» **Stored data entries**
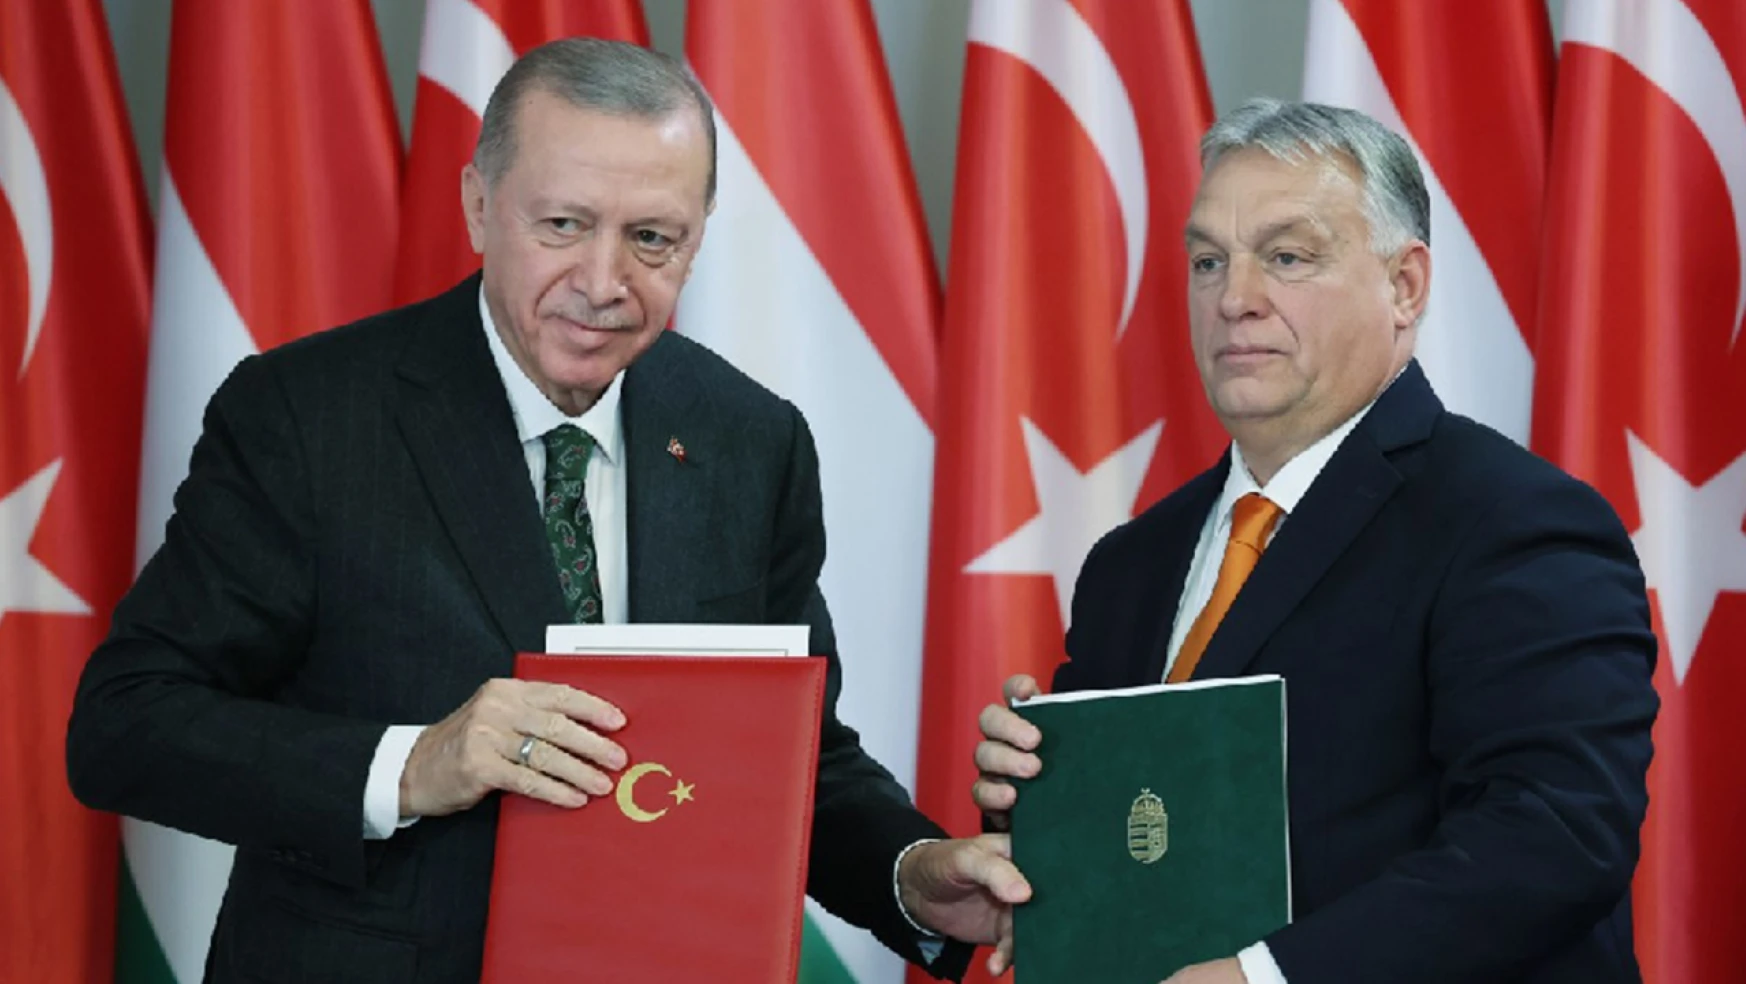 Macaristan ile iş birliği anlaşmaları imzalandı
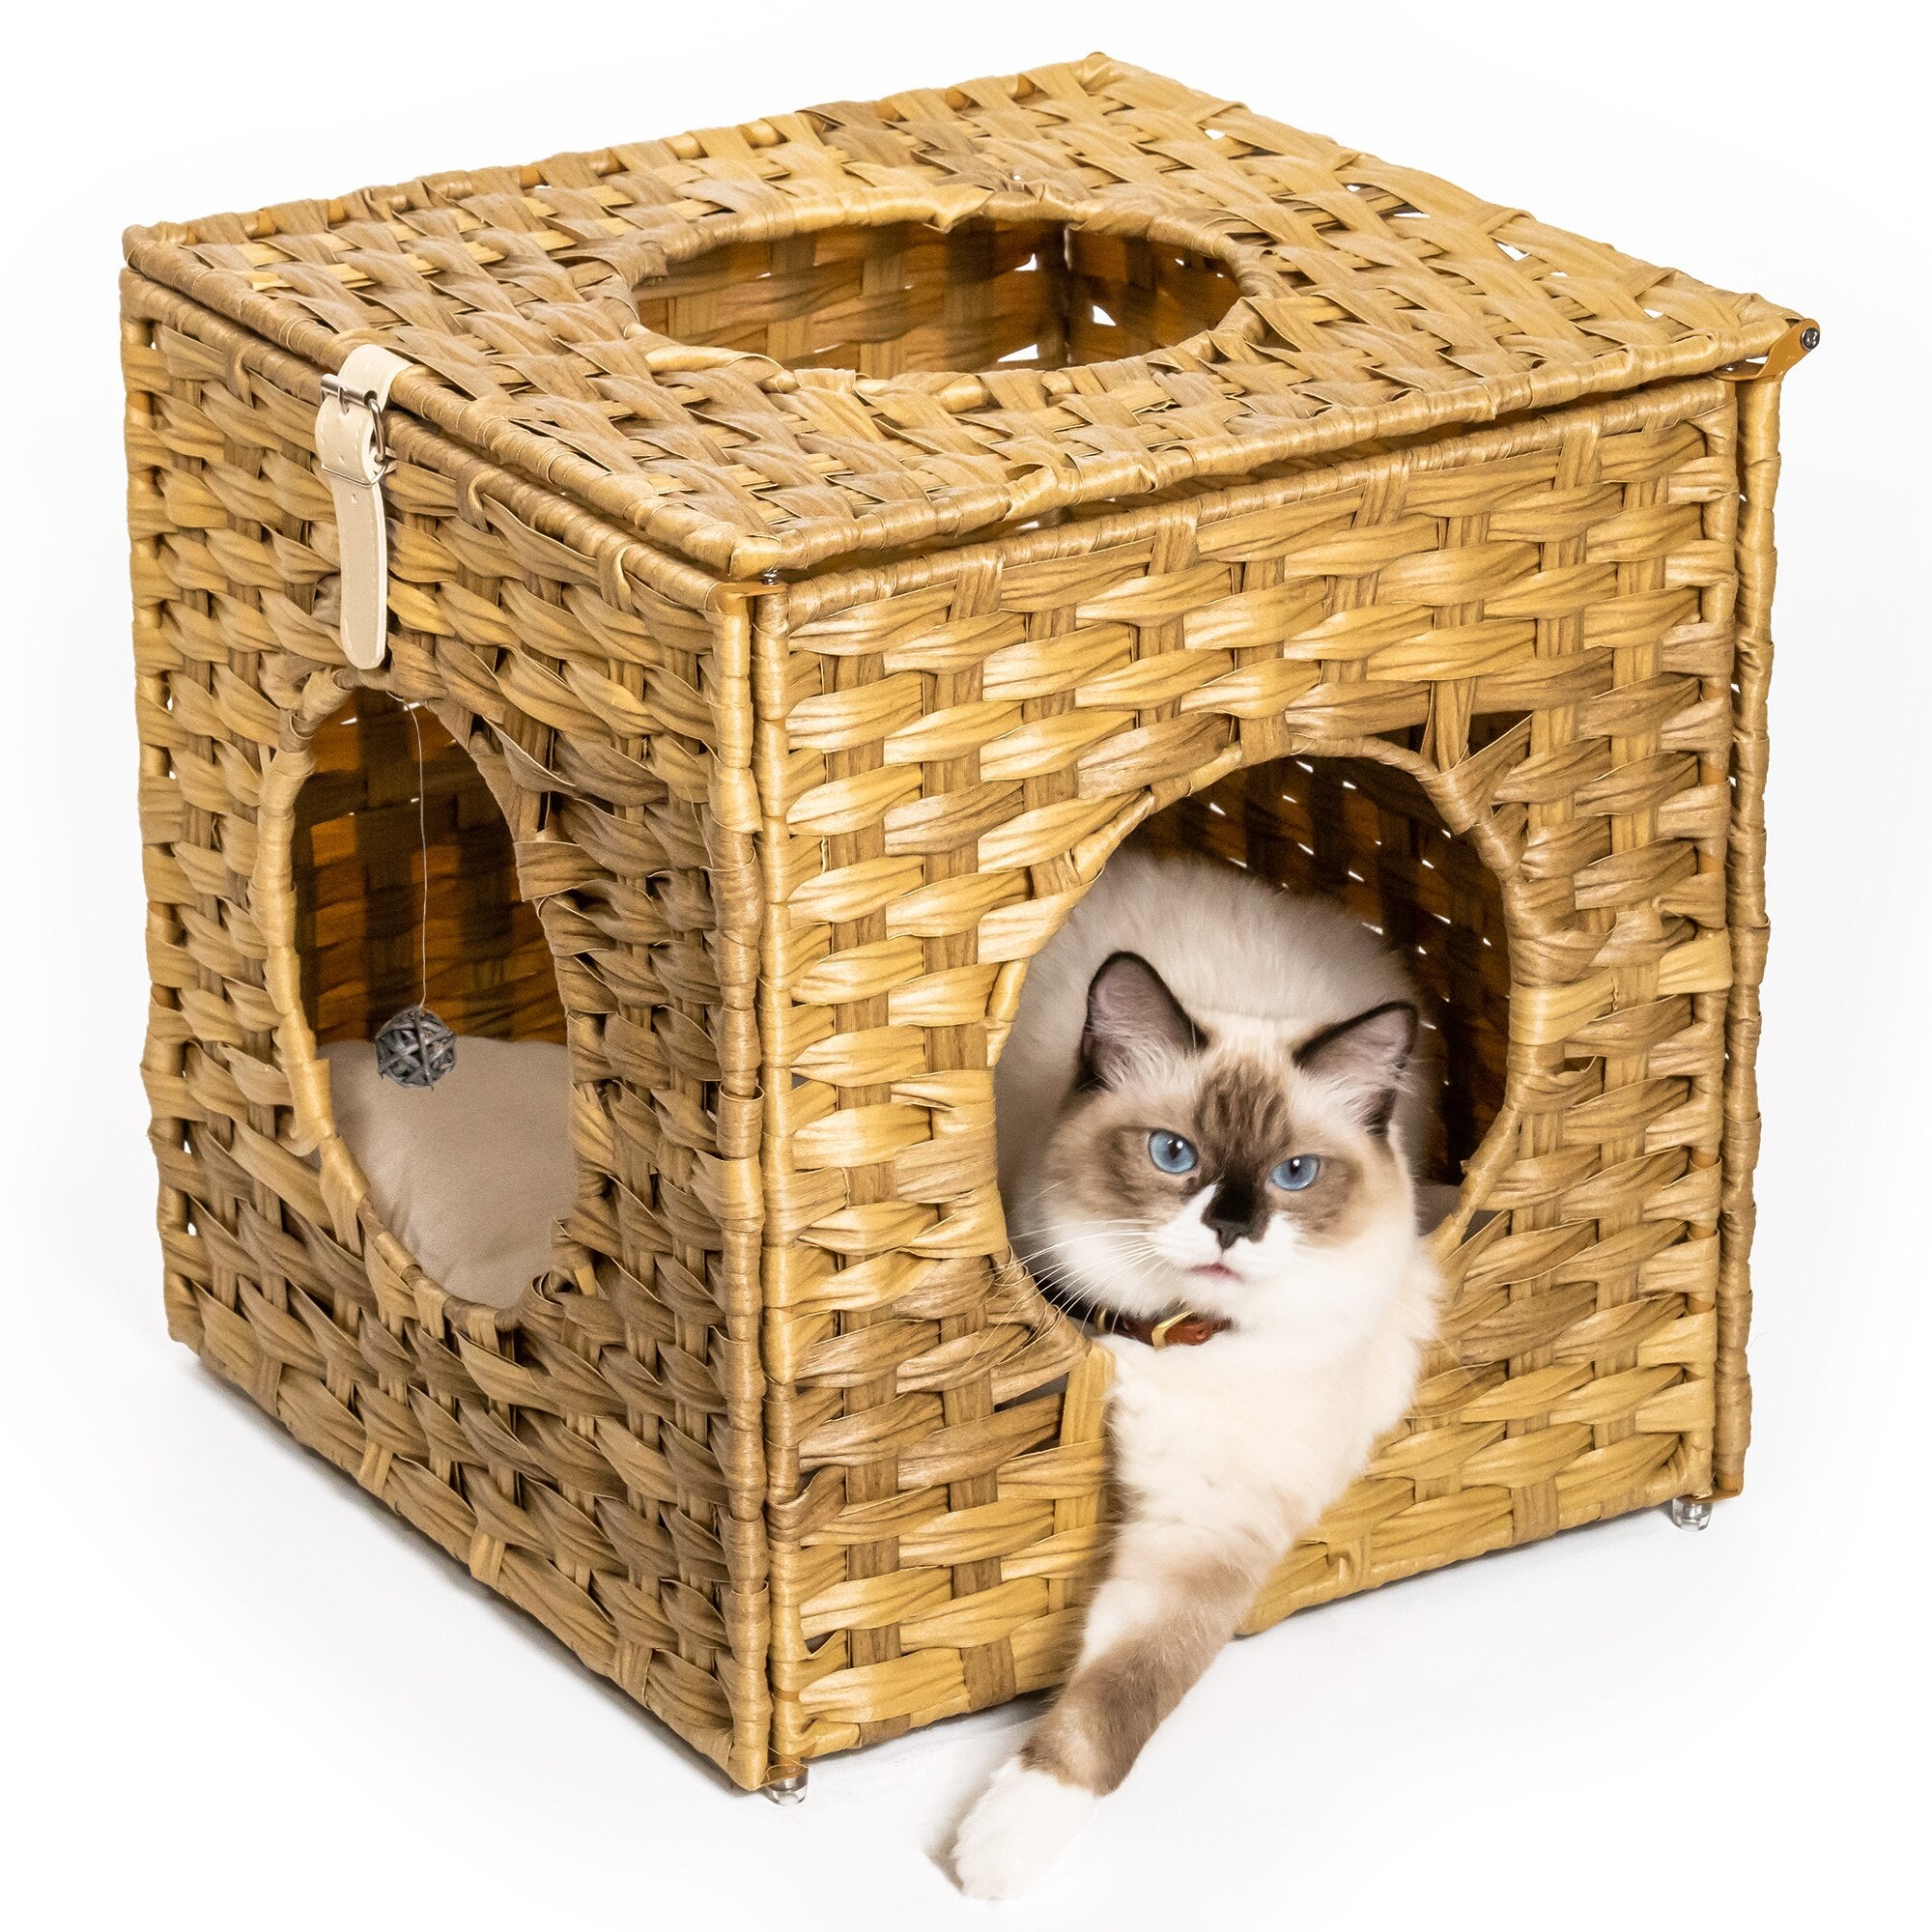 Handwoven Wicker Cat House
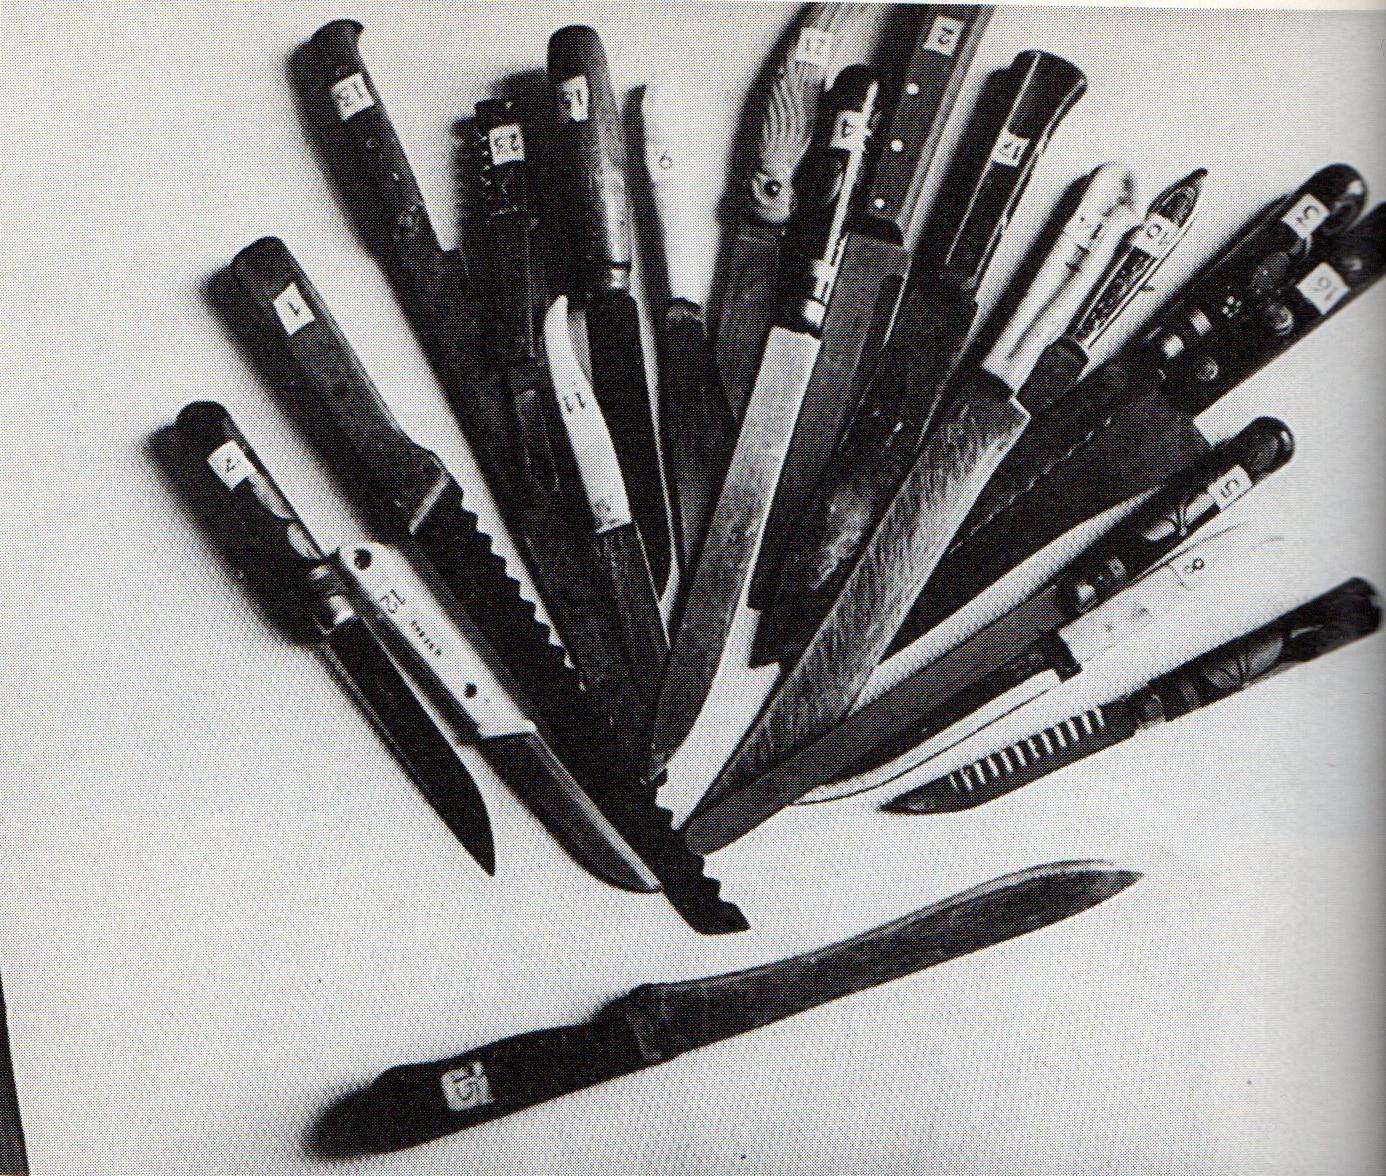 Bộ sưu tập dao được tìm thấy tại nhà của Andrei Chikatilo
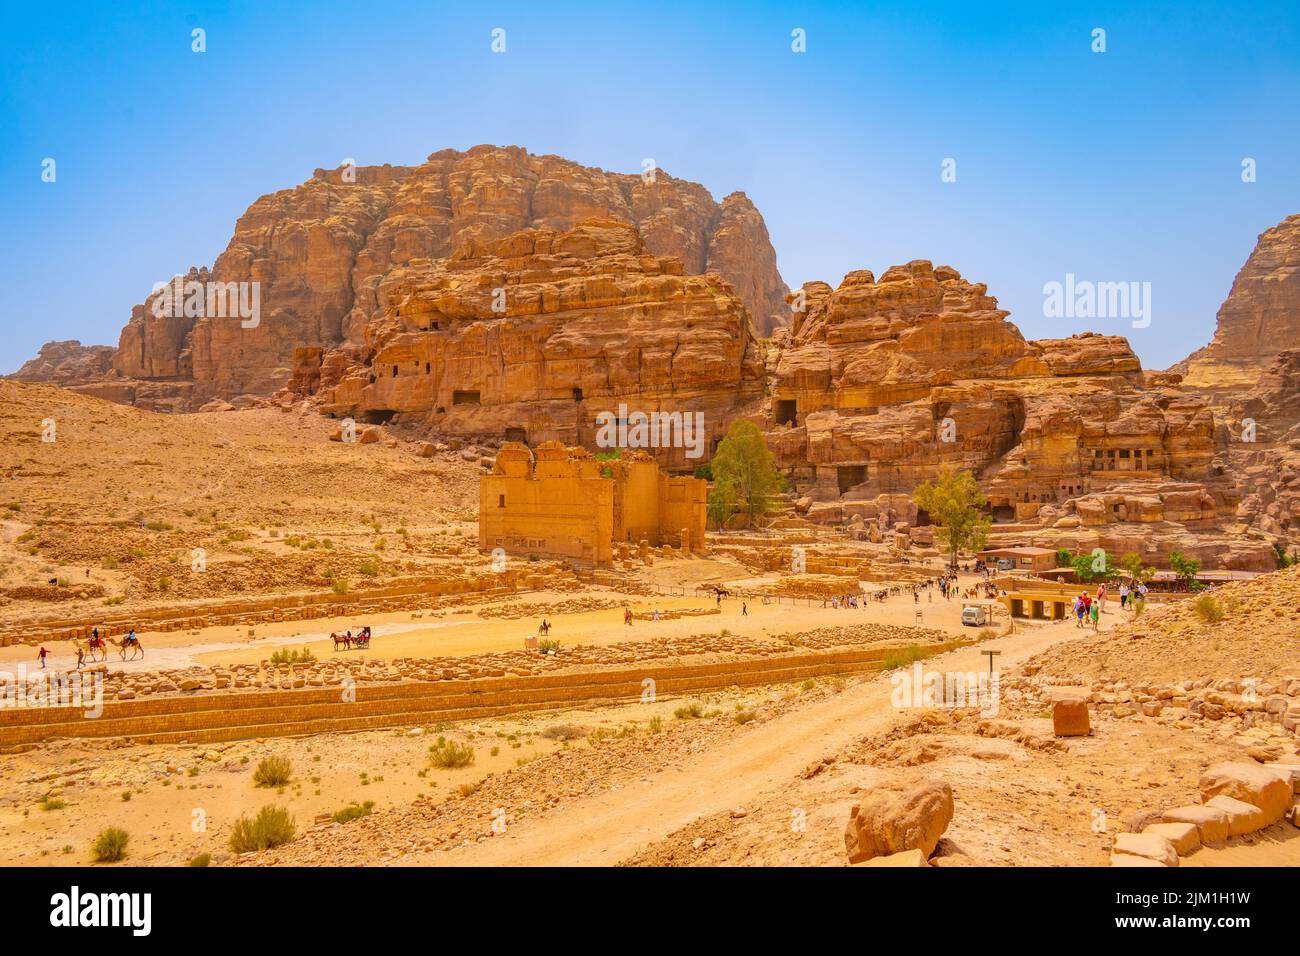 Looking towards Qasr al-Bint in Petra Jordan Stock Photo
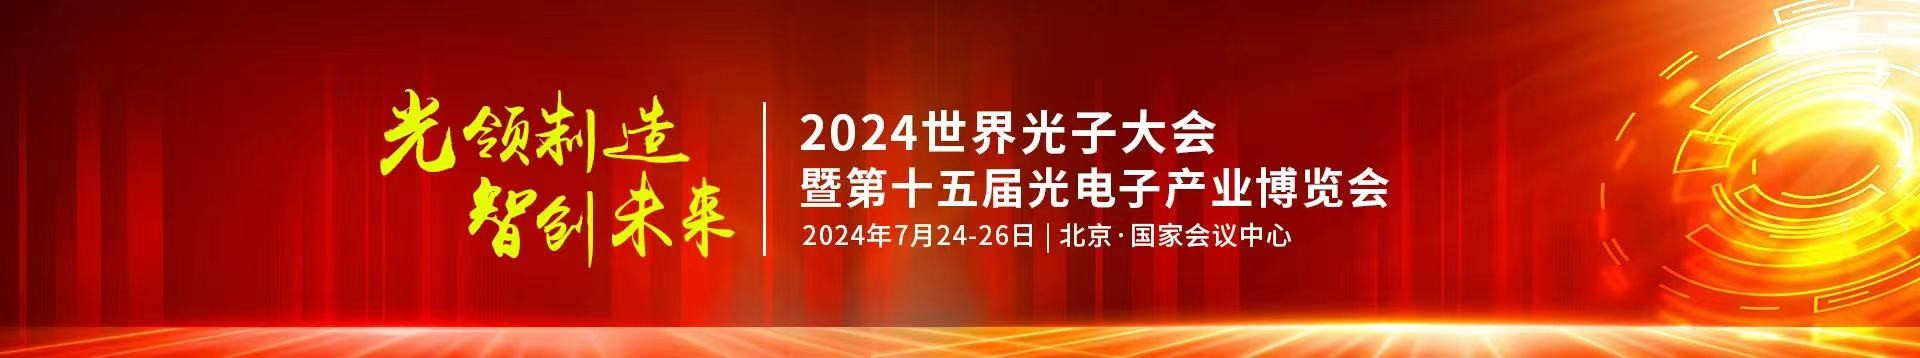 亚美am8ag公司受邀参加2024年第十五届光电子产业博览会

» **Activity**
An exact, word-for-word copy of the records is expected, with no pictures in it.

» **Finished task**
 Macaristan ile iş birliği anlaşmaları imzalandı
 Handwoven Wicker Cat House
 Bộ sưu tập dao được tìm thấy tại nhà của Andrei Chikatilo
 Looking towards Qasr al-Bint in Petra Jordan Stock Photo
 亚美am8ag公司受邀参加2024年第十五届光电子产业博览会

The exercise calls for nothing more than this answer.